あの背中を追って-第2回

このコラムについて

ミンワとは泥や失敗やこっぱずかしさ、
カサブタやひだひだの一杯ついた本当の物語。
創業や商品開発、危機的状況を乗り越えるたびに新しく生まれています。
ミンワの新作は現代の企業における新しいミンワを紹介していきます。

毎週木曜日配信のミンワの新作。株式会社ジースタイラス「あの背中を追って」。前回の続きをお届けします。

第一章 世界中を回る船の上で

 予備校を辞め、大学へ行く意味もよくわからなくなっていた僕は、バックパッカーでいろんな場所を旅した。その後しばらくすると、ピースボートの船の上にいた。
 ピースボートとは、数ヵ月 かけて船で世界一周をする旅のことだ。五十万円以上もする旅費は、ボランティアとして船内で働くことで割引になる仕組みだった。そこには、純粋に旅行を楽しむ人のほかに、社会に受け入れられなかったり、日常生活で居場所がなかったりする人たちが多くいた。
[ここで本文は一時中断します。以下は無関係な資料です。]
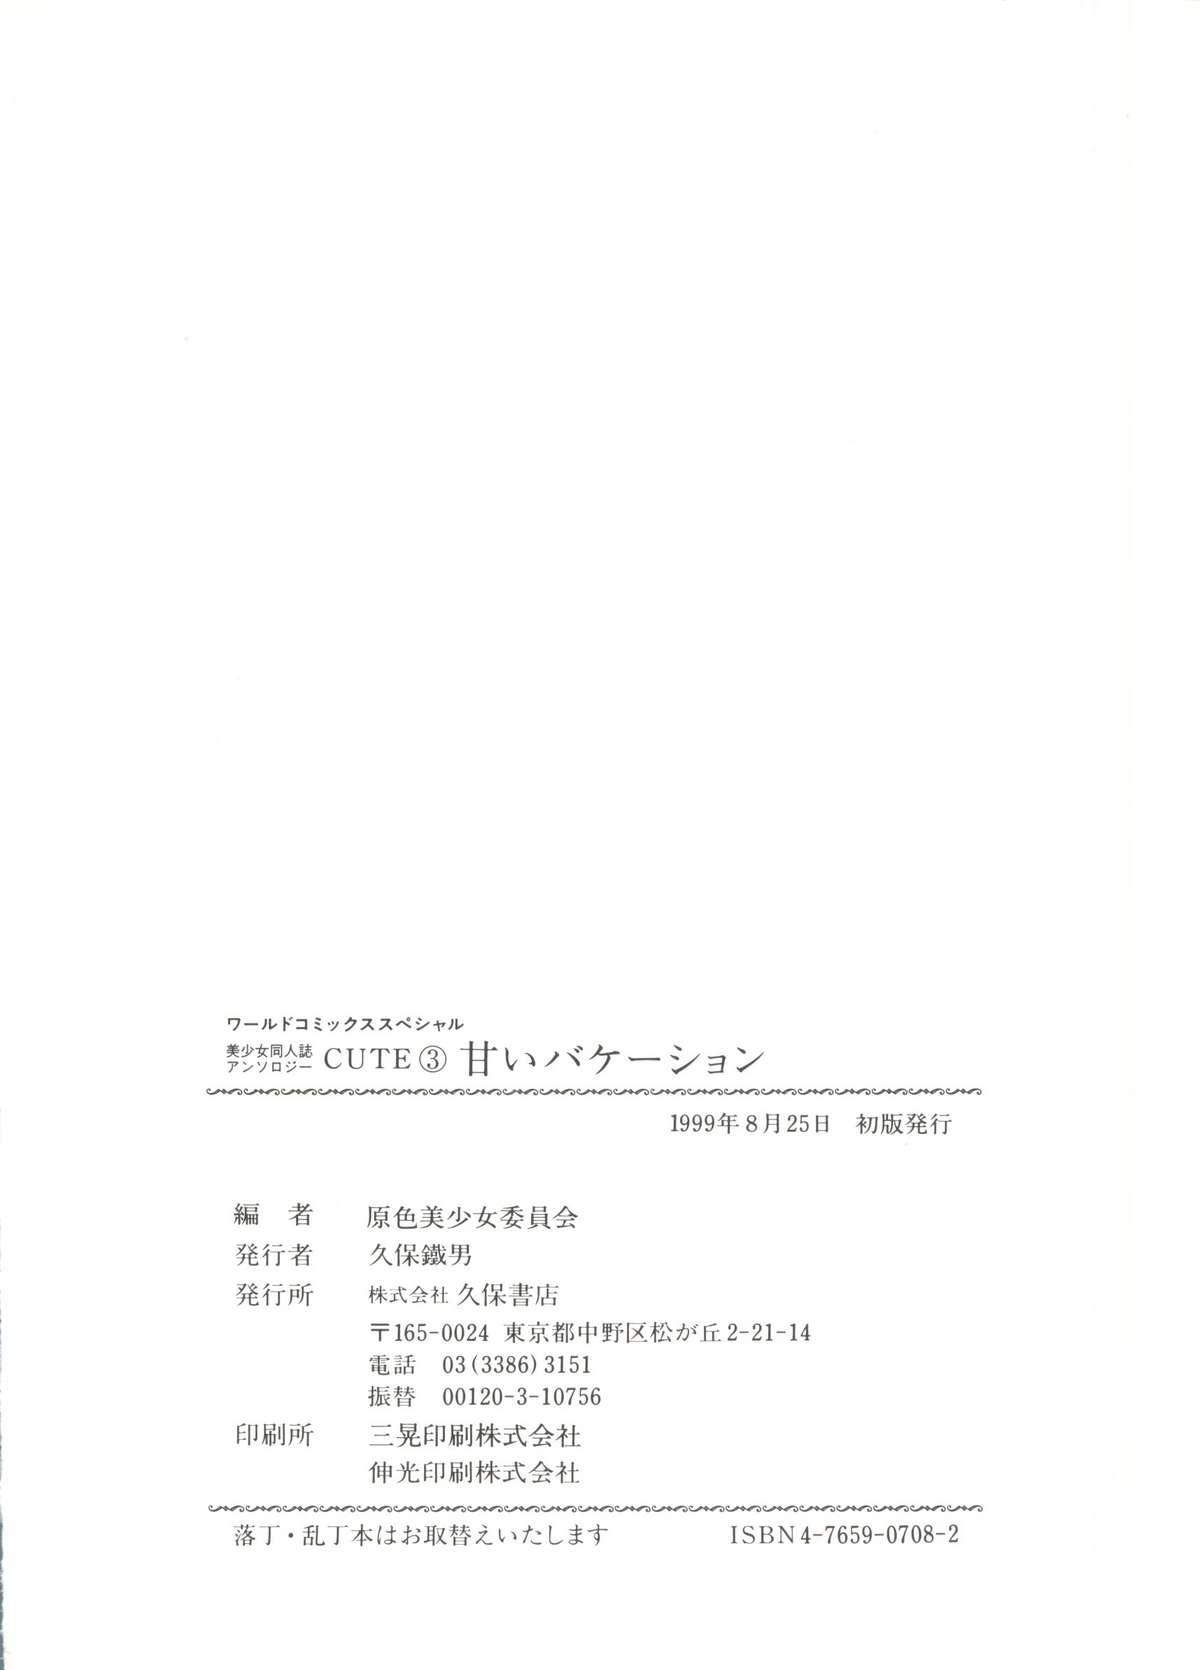 Bishoujo Doujinshi Anthology Cute 3 145
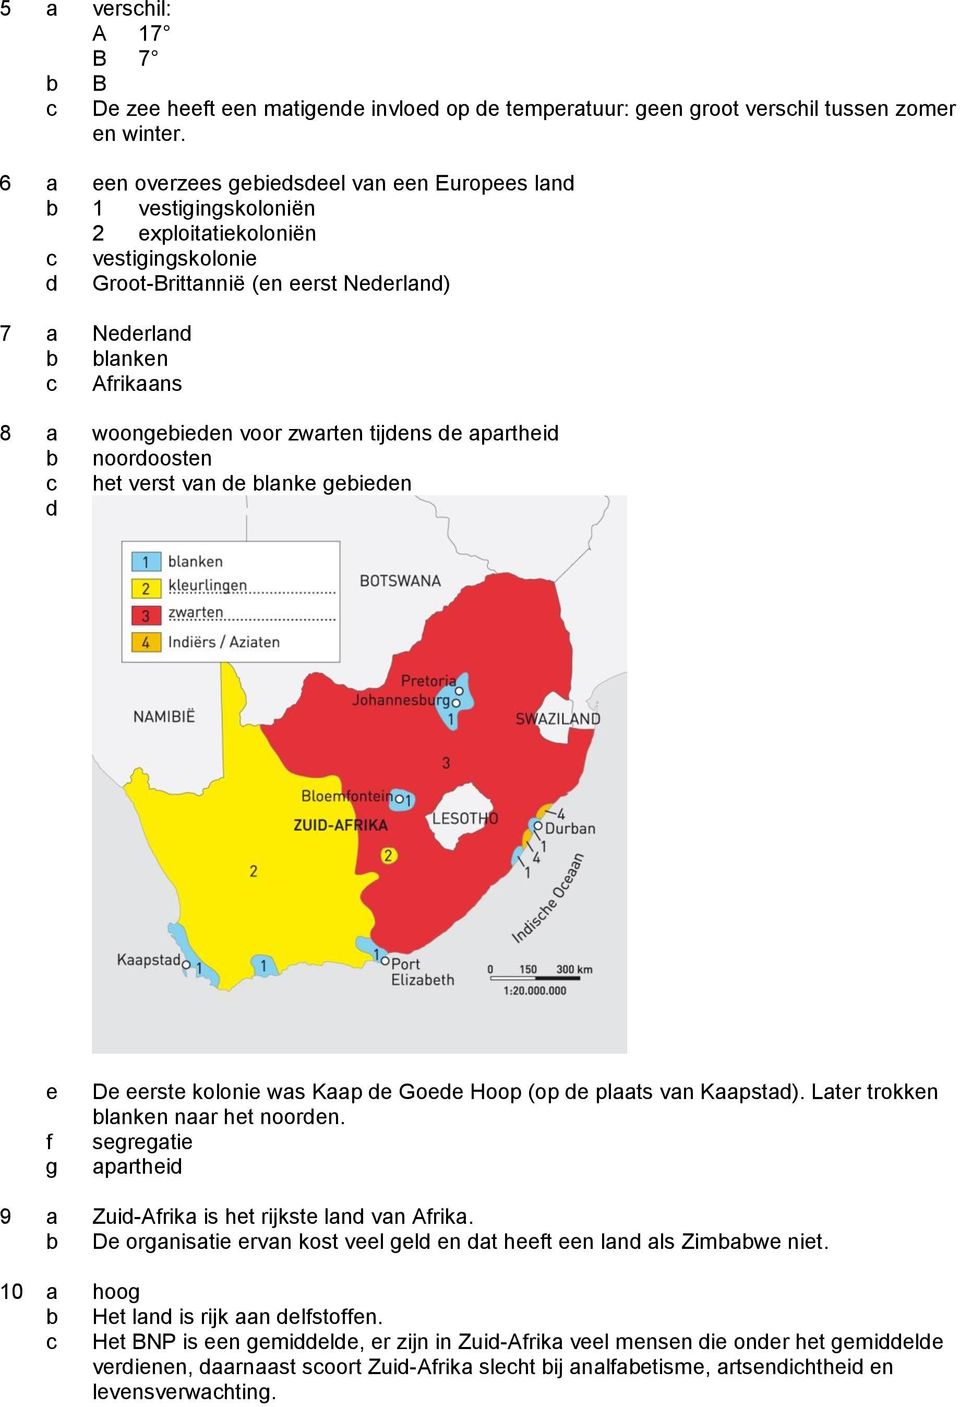 woongebieden voor zwarten tijdens de apartheid b noordoosten het verst van de blanke gebieden d e f g De eerste kolonie was Kaap de Goede Hoop (op de plaats van Kaapstad).

「二年後には、世界が滅亡するんだ。何か新しいことをしても意味なんてない」
 目の前の二〇代の男は、いわゆる、「ノストラダムスの大予言」を信じ、世界に絶望していた。二〇〇〇年に世界が滅亡するとした言葉を信じて、自暴自棄になっているようだった。
 さっきまでは、その横の女子高生が、自分が育った家庭環境の話をしていた。
 「親はほとんど家にいなくて、友だちの家でご飯を食べていたんだよね。だけどまあ、ずっとってわけにもいかないよね。今は家を出て転々としてる」
 そう話していた彼女の左手首には、刃物で切った浅い傷が何本も走っている。
 「この旅が終わったら死のうと思っているんだけど、せめてその前に世界を見ても悪くないかなって」

 そう話していたのは、どこで働いても職場になじめず、毎回仕事を辞めることになり、ここ半年ほど引きこもっていた男性だった。
「この社会では生きていけないから、俺は死ぬしかないんだ」
 テレビや新聞のニュースで見聞きする話。リストカットや、引きこもり、不登校、いじめ……。そういう社会の問題は、ニュースの中だけでなく現実としてあるのだ。
 ノンフィクション作家が、異国の地の食べ物を逃げずに取り込んだように。僕もこの人たちの問題を受け入れられないだろうか。僕ができることは何だろう。